Given an Undirected Graph consisting of **N** vertices and **M** edges, where node values are in the range **[1, N]**, and vertices specified by the array **colored[]** are colored, the task is to find the minimum color all vertices of the given graph. The cost to color a vertex is given by **vCost **and the cost to add a new edge between two vertices is given by **eCost**. If a vertex is colored, then all the vertices that can be reached from that vertex also becomes colored.

**Examples:**

Input:N = 3, M = 1, vCost = 3, eCost = 2, colored[] = {1}, source[] = {1} destination[] = {2}

Output:2

Explanation:

Vertex 1 is colored and it has an edge with 2.

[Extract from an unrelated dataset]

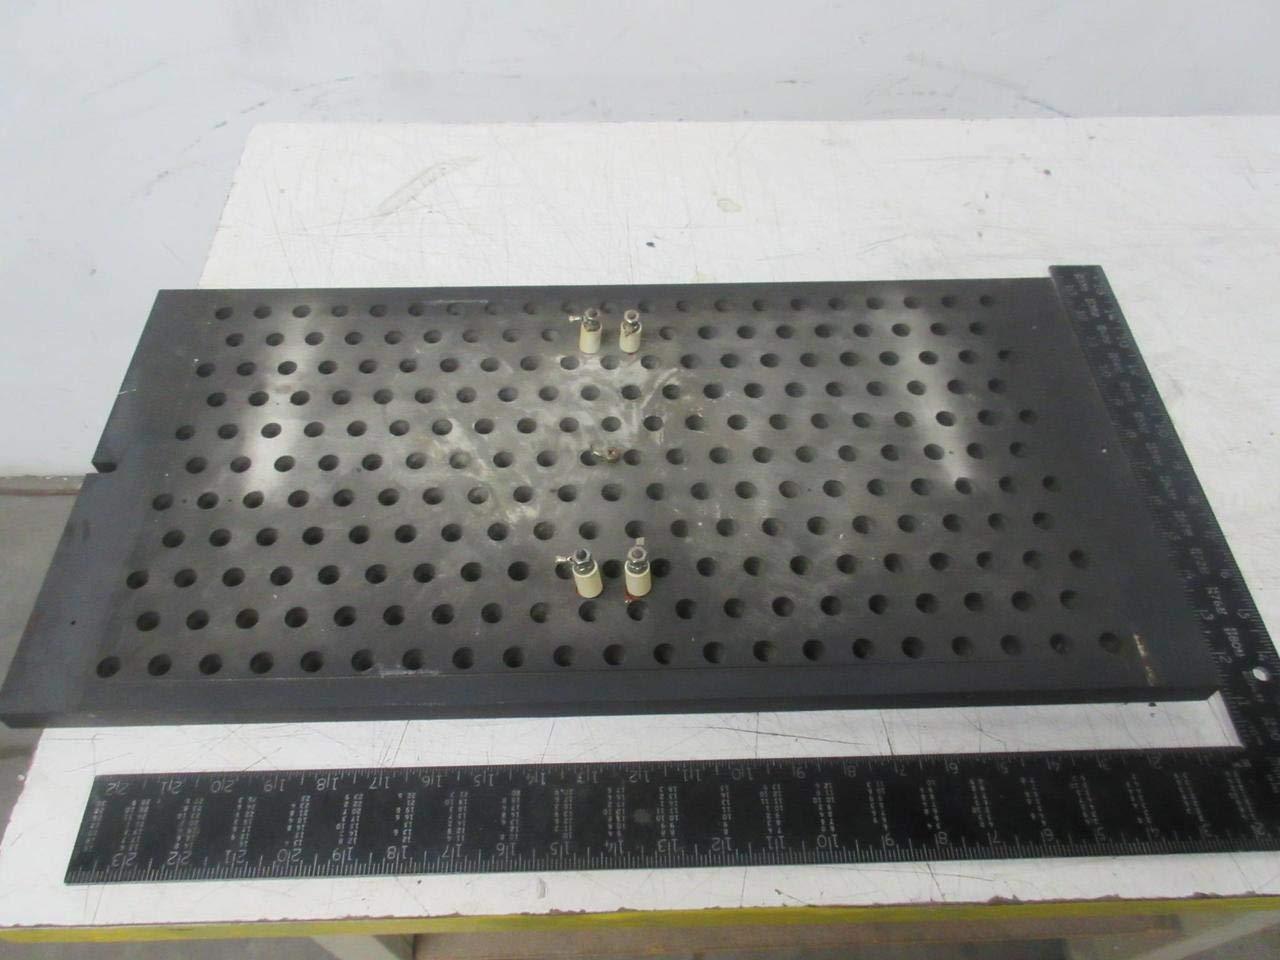 Heatron KP11R23R1A Reflow Oven Heating Element 4300 Watt T110841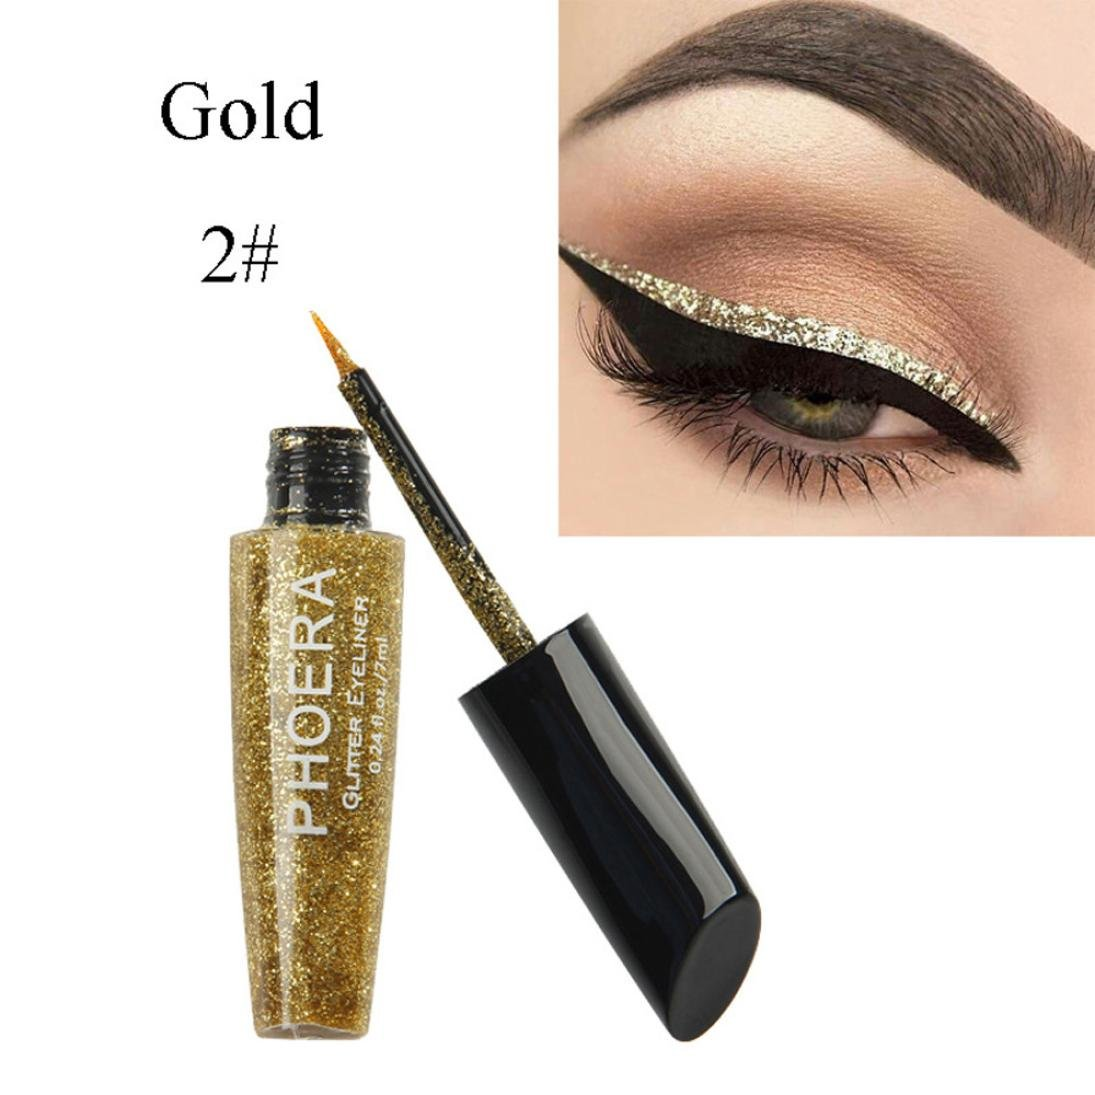 HP95(TM) Available Choose-10 Color Waterproof Glitter Liquid Eyeliner Metallic Shiny Eyeshadow (Gold)

So, vertex 2 is also colored.

Add an edge between 2 and 3, at a cost of eCost. < vCost.

Hence, the output is 2.

Input:N = 4, M = 2, vCost = 3, eCost = 7, colored[] = {1, 3}, source[] = {1, 2} destination[] = {4, 3}

Output:0

Explanation:

Vertex 1 is colored and it has an edge with 4. Hence, vertex 4 is also colored.

Vertex 2 is colored and it has an edge with 3. Hence, vertex 3 is also colored.

Since all the vertices are already colored, therefore, the cost is 0.

**Approach:**

The idea is to **count the number of sub-graphs** of uncolored vertices using DFS Traversal.

To minimize the cost of coloring an **uncolored Subgraph**, one of the following needs to be done:

- Color the subgraph
- Add an edge between any colored and uncolored vertex.

Based on the minimum of * eCost and vCost*, one of the above two steps needs to be chosen.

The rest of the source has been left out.